Our exploration of the ability of machine learning to model complex relationships in materials data proceeded through the development of 3 models (Fig. 1) with training and validation data extracted from a set of 180 902 images and spectra, including 1908 “blank” samples (nothing deposited on the substrate) and 178 994 metal oxide samples synthesized via inkjet printing of mixed elemental precursors followed by thermal processing in an O2-containing atmosphere. The metal oxides samples contain various combinations of 1 to 4 cation elements along with various inkjet printing and thermal processing parameters, and while these important metadata are included in the dataset, they are not used in the models describe herein.
In the present work, the absorption spectrum of a sample is taken to be the product of the spectral absorption coefficient and the sample thickness, which is a unitless quantity and the standard output from spectral absorption measurements. The thickness of the inkjet printed samples are on the order of 100 nm, so an absorption spectrum value of 1 corresponds to an absorption coefficient on the order of 105 cm–1. As previously described,23 the inkjet printed samples are rough over multiple length scales, further complicating the relationship between images and absorption spectra. The discrete samples are deposited over approximately 1 mm2 of the glass substrate with a 2 mm sample pitch. Each sample image is automatically cropped from the image of the entire library of materials on the glass substrate, and each 2.1 mm × 2.1 mm sample image is sufficiently large to cover the extent of each material with a border of bare substrate.
Model 1 – variational autoencoder
To establish the appropriate methods for encoding images of metal oxides, we commenced with the design and training of model 1, an autoencoder for flatbed scanner images of materials synthesized by the inkjet printing technique. An autoencoder takes an input (here an image of a material) and encodes it into a latent space of lower dimension (here 100 dimensions). Decoding a latent space coordinate produces an image in the same format as the input data, making the process akin to lossy compression, and the latent space (compressed) representation can enable new analyses and algorithms. Models employing convolutional layers19 excel at reconstructing sample morphology and were thus employed in model 1, requiring hyperparameter optimization as described below.
Model 2 – prediction of UV-vis spectra
The Absorption Spectra Prediction Model (ASPM) builds upon the compact latent space representation of the VAE to predict a UV-vis absorption spectrum (220 energies). Under the assumption that the image encoder captures various image properties such as the color, color variation, morphology, etc. in its latent space representation, this approach exploits the high information density of the latent space (100 dimensions compared to the 12 288 dimensions of the 64 × 64 RGB image) for the construction of absorption spectra, in this case using a hybrid dense and convolutional deep neural network model that was trained independently from model 1.

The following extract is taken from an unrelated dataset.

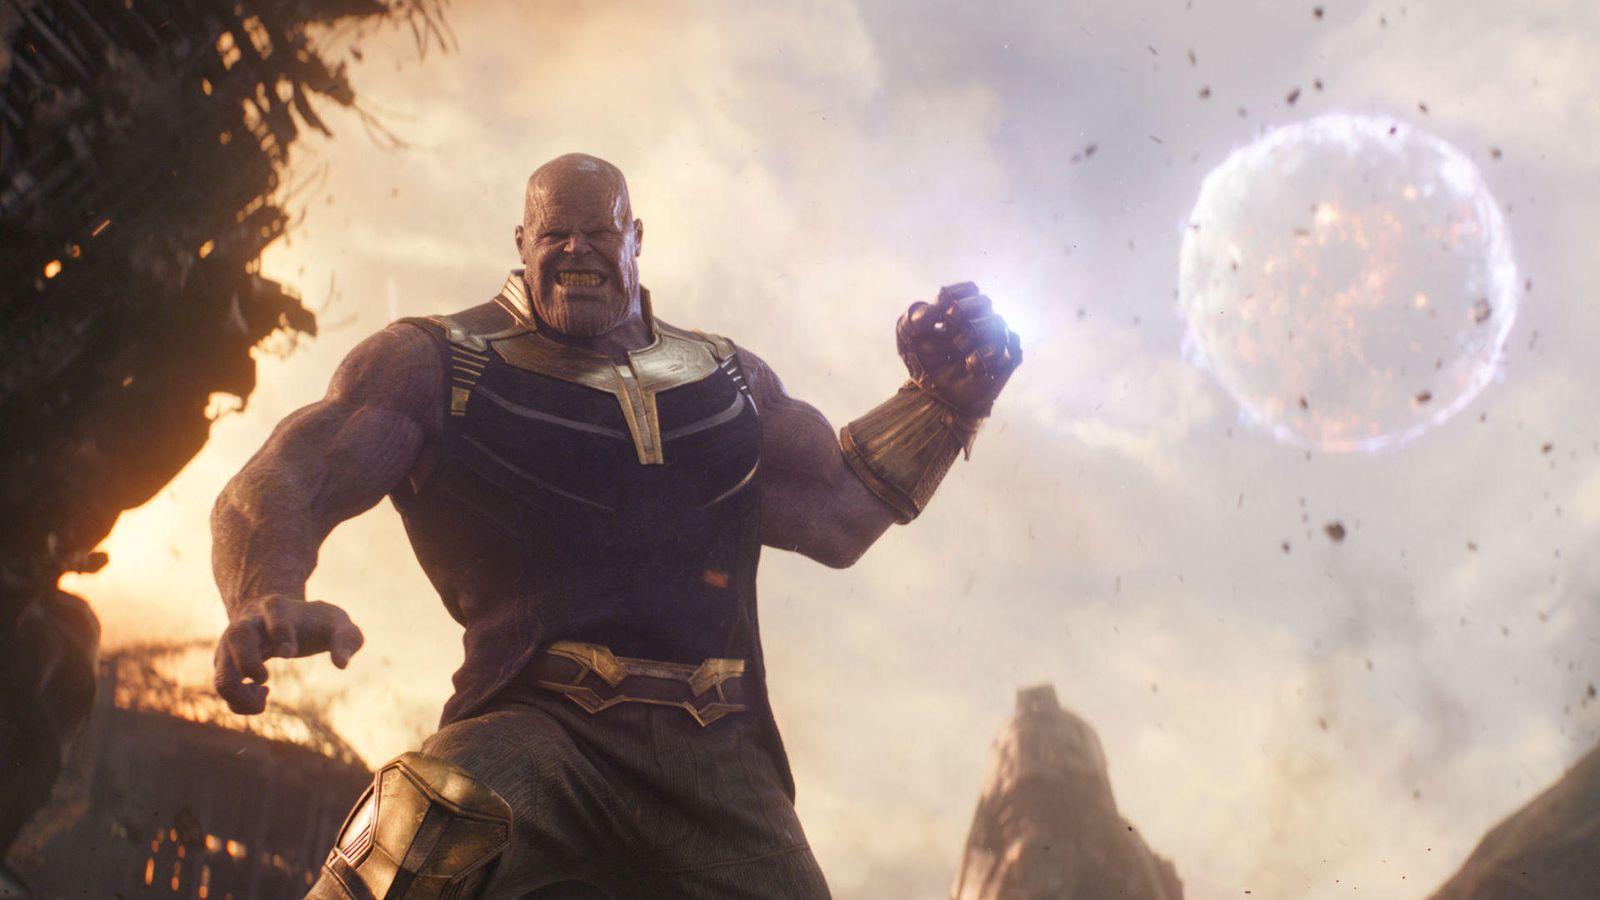 4.) Josh Brolin, Avengers: Infinity War

Model 3 – conditional variational autoencoder
The conditional Variational Autoencoder (cVAE) follows the general structure of the VAE with modified inputs for both the encoding and decoding algorithms. The encoder input is the concatenation of the flattened image and absorption spectrum, and the decoder input is the concatenation of the latent space coordinate and the conditional absorption spectrum so that the resulting image represents the latent space coordinate under the condition that the material exhibits the specified ‘conditional’ absorption spectrum. During training, the same absorption spectrum was used in the encoder and decoder inputs as noted in Fig. 1. During application of the model (conditional decoding), the conditional absorption spectrum was user-specified as described below.

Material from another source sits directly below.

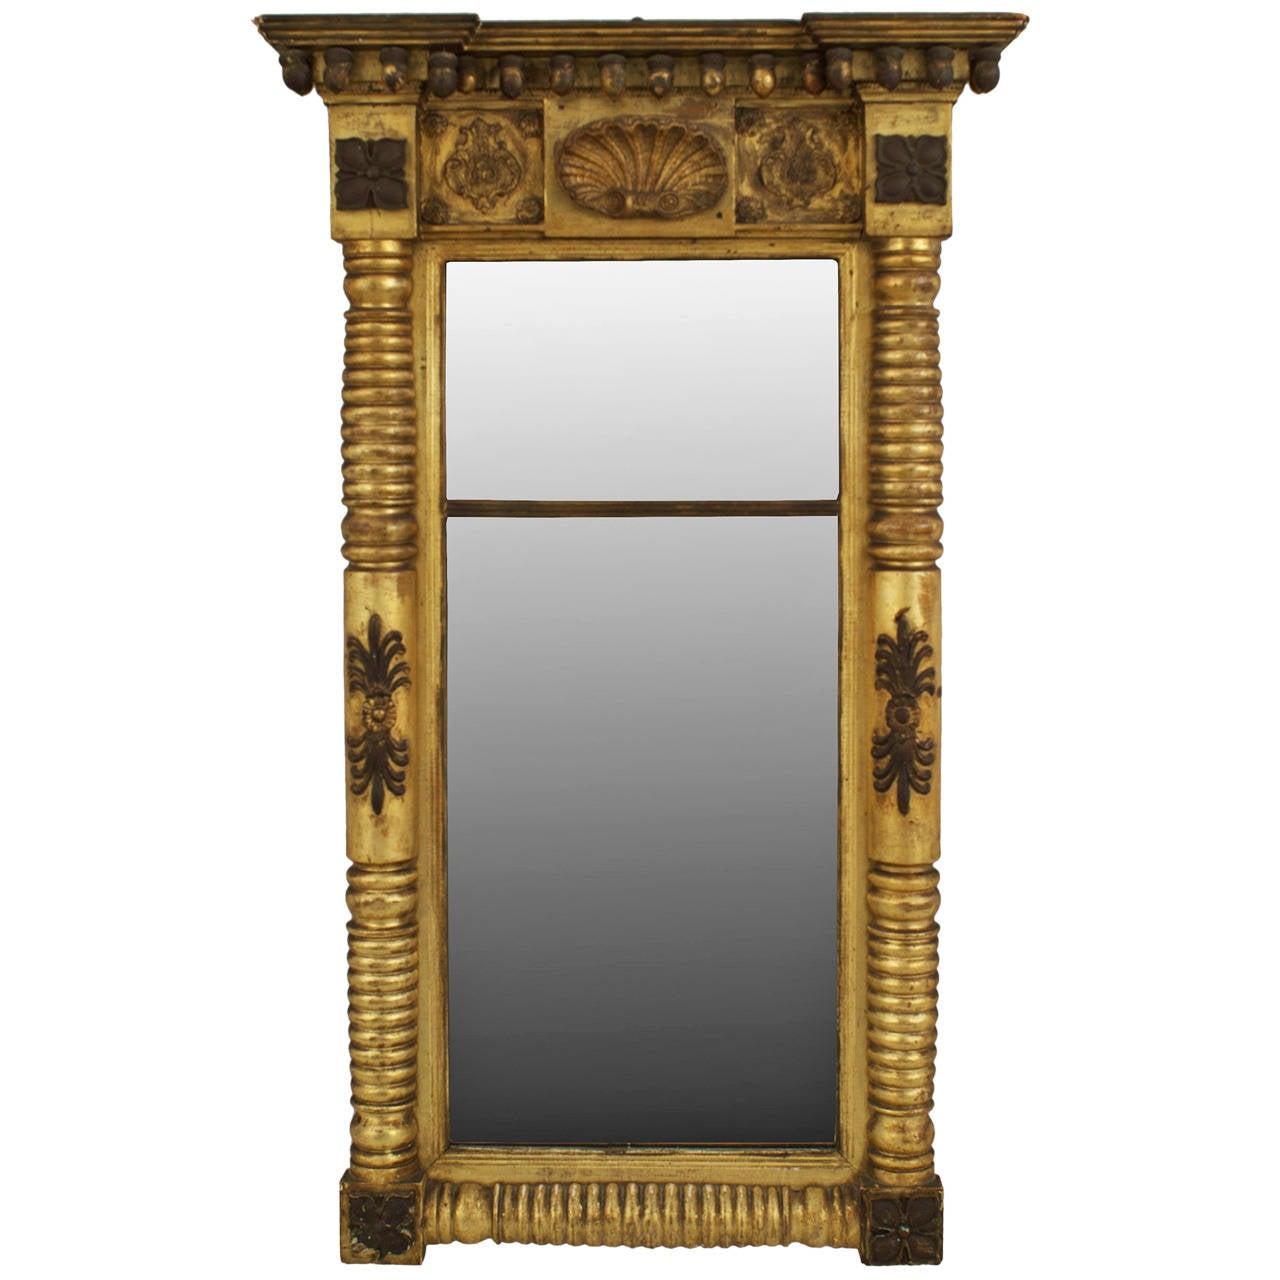 19th Century American Empire Ebonized and Giltwood Pier Mirror

Image autoencoding and spectral prediction
The VAE of model 1 was trained for 100 epochs after training hyperparameters including the number of filters in the convolutional layers and latent space dimensions, as shown in the ESI.† Using t-distributed stochastic neighbor embedding (t-SNE),33 the 100-dimensional latent space can be visualized as shown in Fig. 2a for the 54 270 images of test set, where each sample point is plotted using its representative color (see figure caption). Even though the VAE was not supplied any spectral information, it inherently exploits spectral features during autoencoding, as evident from the black-brown to blue-purple color gradient from left to right. The apparent clustering of samples, particularly those with a similar representative color, is emblematic of the structuring in the latent space based on optical properties.

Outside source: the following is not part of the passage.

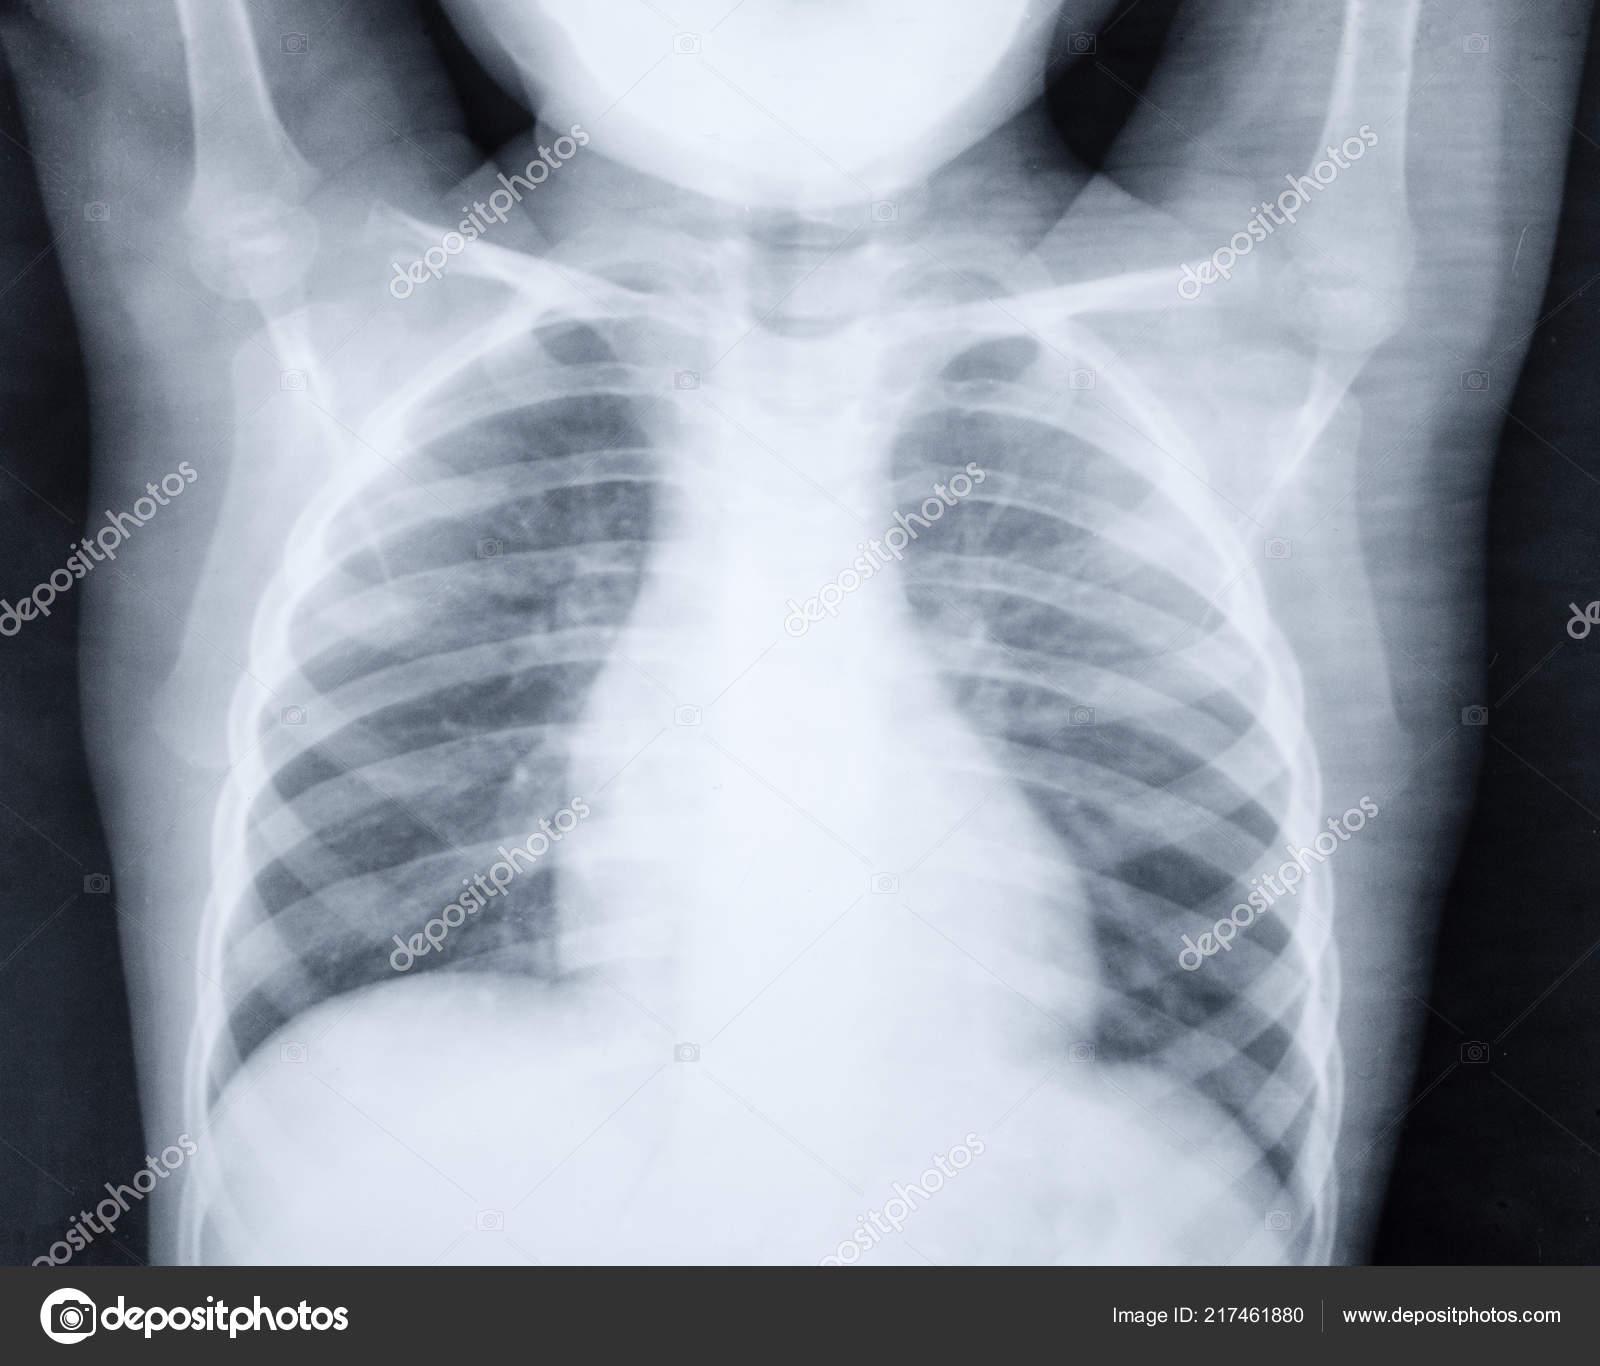 schistosomiasis mellkas röntgen

Example raw (Ii) and VAE-reconstructed (IĨi) images are shown in Fig. 3, demonstrating that the general appearance and especially the human-perceived color of the materials is well reconstructed, however with some additional blurring that occurs in image autoencoding with dimensionality of the latent space well below that of the images.24,25 Since an absorption spectrum is measured with illumination of the entire sample, yielding the spatially “averaged” absorption signal, this blurriness of the reconstructed images is not important for the present purposes, but it is worth noting that the presence of a so-called coffee ring35 in Ii typically results in a darker edge of the sample blob in IĨi. The VAE preservation of perceived color (Fig. 3) and color-based clustering in the latent space (Fig. 2a) indicate that the VAE successfully encoded spectral features even though the model was not supplied any spectral information, motivating the use of latent space representations for predicting spectral absorption.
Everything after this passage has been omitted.